The modified CAGE (mCAGE) and the modified Diagnostic and Statistical Manual for Mental Disorders (mDSM) screeners were used to assess indoor tanning addiction [21, 38, 39]. The mCAGE comprises four items (Cut Down, Annoyed, Guilty, and Eye Opener) and endorsing two or more indicates addiction. The mDSM has eight items and endorsing three or more indicates addiction. These measures are adapted from assessments for other addictive behaviors, and research indicates they have adequate reliability when used in combination and supports use of their thresholds in combination to define indoor tanning addiction [38]. We chose these two measures because they have recommended thresholds for defining tanning addiction; others available at the time data were collected provide continuous scores with no recommended thresholds [40], and newer measures with recommended cutoffs were published after our data were collected [41]. Researchers have also recommended using multiple measures to operationalize indoor tanning addiction [28, 42] to address potential limitations of using the mCAGE as a single measure [43]. Reliability (Cronbach’s α) for the four mCAGE items in our sample was 0.51, for the eight-item mDSM items was 0.52, and for the combined 12 items was 0.69. This is similar to other published data on the measures’ reliability [38]. Total scores on the mCAGE and mDSM were moderately correlated (r = .37, p < .001), indicating they capture different aspects of tanning addiction. The indoor tanning addiction phenotype was defined as screening positive on both the mCAGE and mDSM [28, 42].
Candidate SNPs, DNA Collection, and Genotyping
Candidate SNPs were identified and selected for analyses based on prior studies of genetic associations with addiction reward pathways [25, 26], genetic associations with tanning behavior [27, 28], and the hypothesized reward-based mechanism of tanning addiction [8]. In total, 38 SNPs from the ANKK1 (a gene involved in D2 dopamine receptor modulation), DRD2 (a gene encoding D2 dopamine receptors), OPRM1 (a gene regulating mu opioid receptors), POMC (a gene encoding for proopiomelanocortin), and PTCHD2 (DISP3; a gene previously associated with tanning addiction) genes were examined. A total of 34 SNPs met quality control criteria described below and were analyzed. Supplementary Table S1 displays characteristics of the 34 SNPs analyzed.
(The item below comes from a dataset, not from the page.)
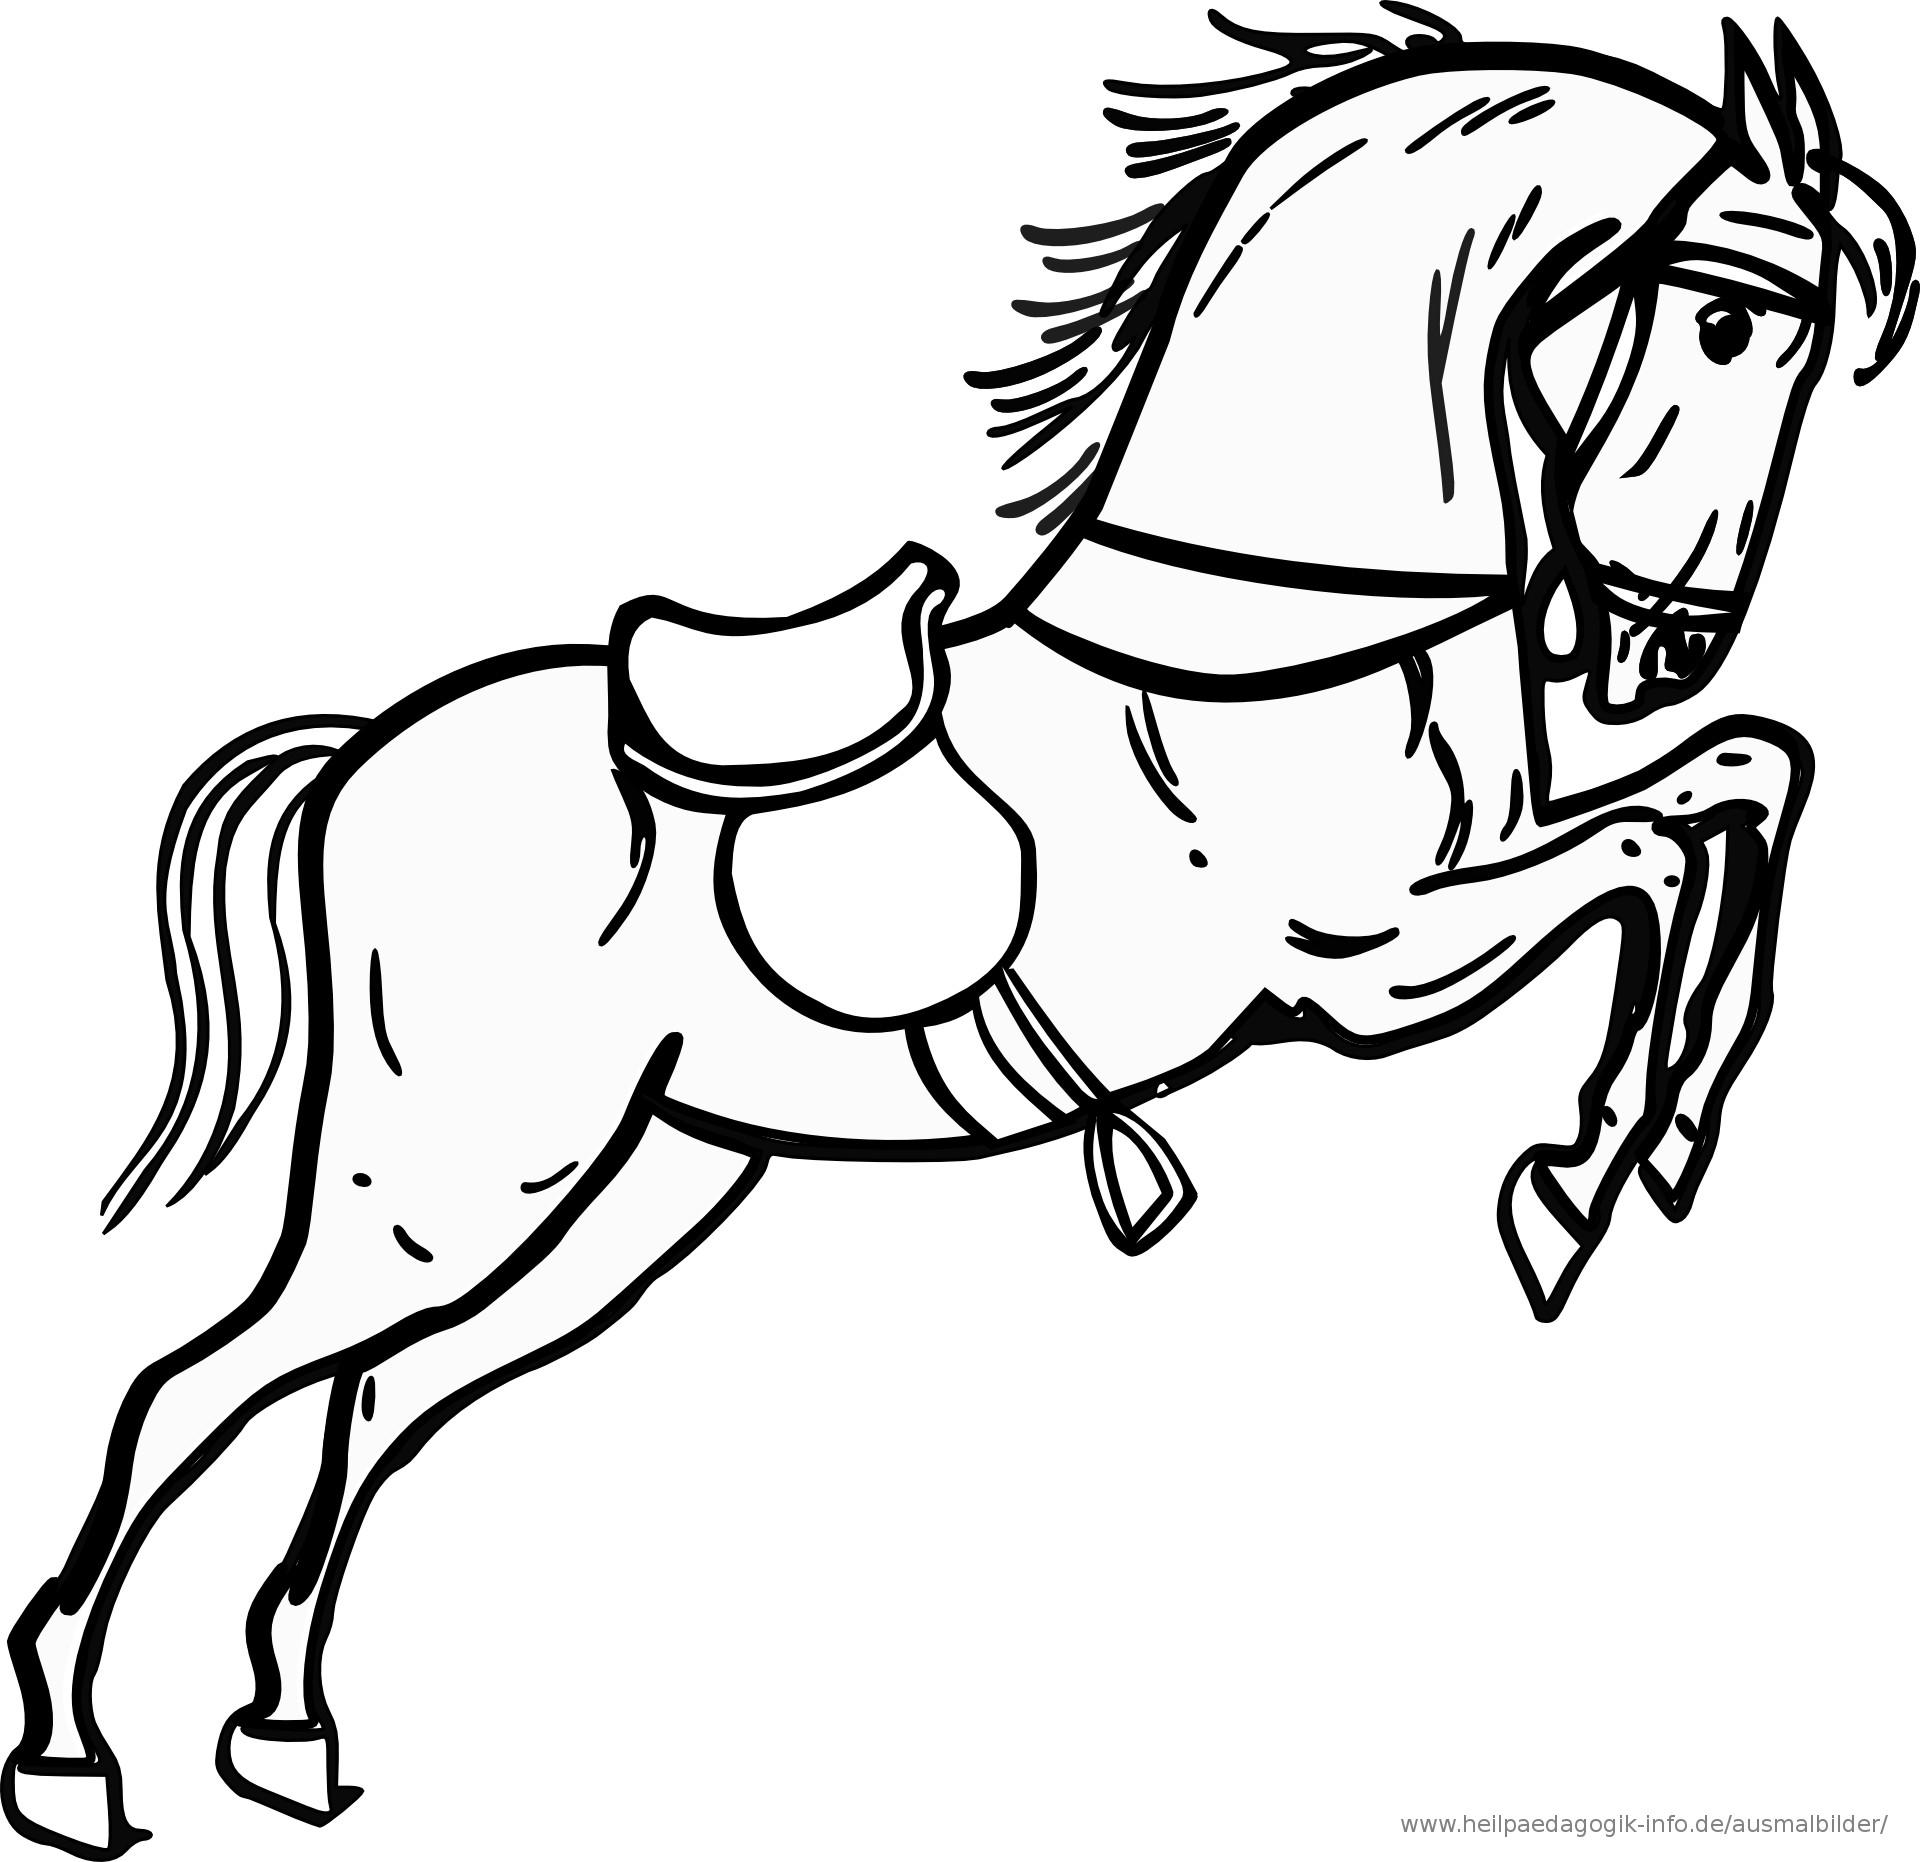 Ausmalbilder Pferd  AUSMALBILDER PFERDE 02 Pferde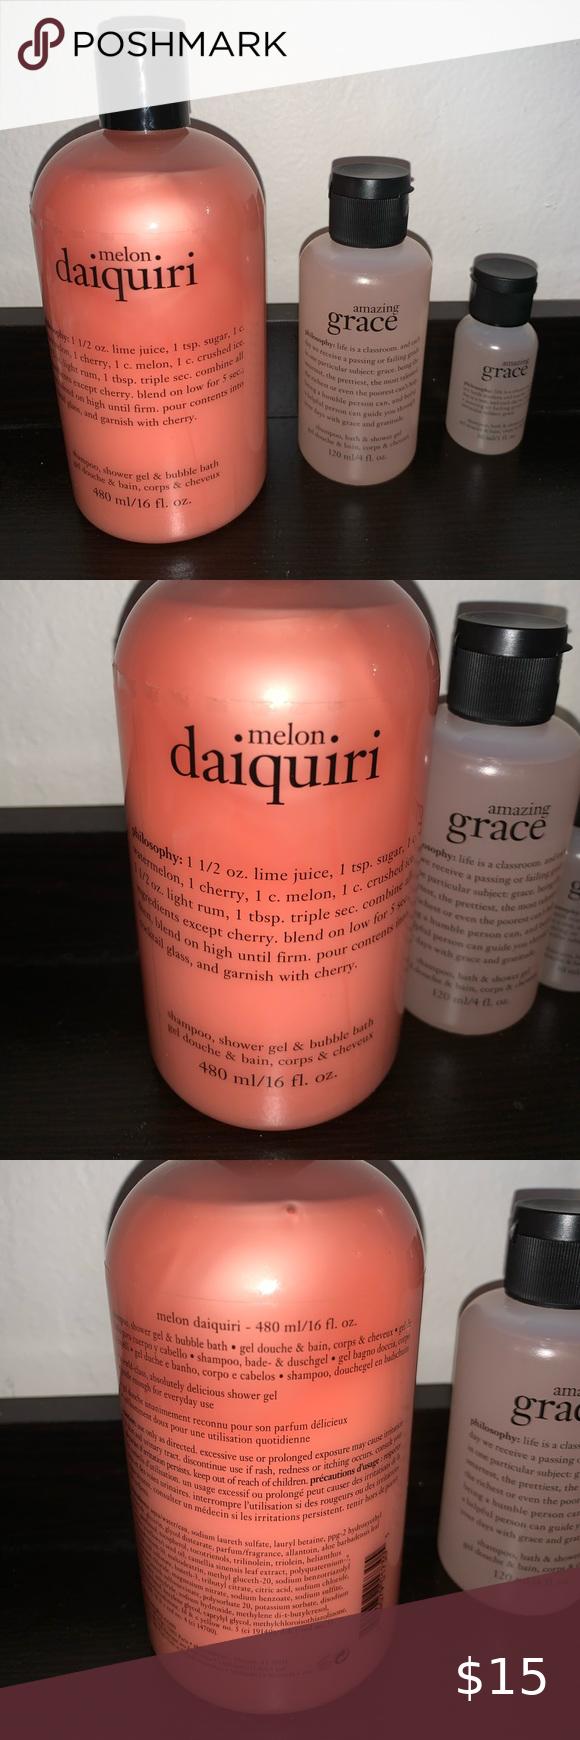 Philosophy Shampoo Shower Gel Bubble Bath Shower Gel Gel Bubble Bath

Participants were mailed a saliva sample collection kit including instructions, a 10 mL collection tube, and mouthwash. Participants were instructed to avoid eating, drinking, or using tobacco for at least 30 min prior to sample collection. Participants swished the mouthwash, spit into the collection tube, sealed the tube, and returned the sample by mail. In a subsample of 15 participants (5% of the sample), we observed sample collection via a web-based video conference to verify participants followed collection procedures. All participants observed completed sample collection successfully with no difficulties or challenges with the procedures.
Samples were immediately transported to a genomics and epigenomics laboratory for DNA isolation, quality assessment, and SNP genotyping. DNA was isolated from saliva samples using the Epicentre MasterPure Complete DNA Purification Kit (Illumina, USA). DNA quality and quantity were estimated by Ultraviolet Visible Spectrophotometry (UV-VIS) spectrophotometry using the NanoDrop spectrophotometer (ND-1000, Thermo Fisher, USA) and isolated DNA were stored at −20°C to −10°C until genotyping.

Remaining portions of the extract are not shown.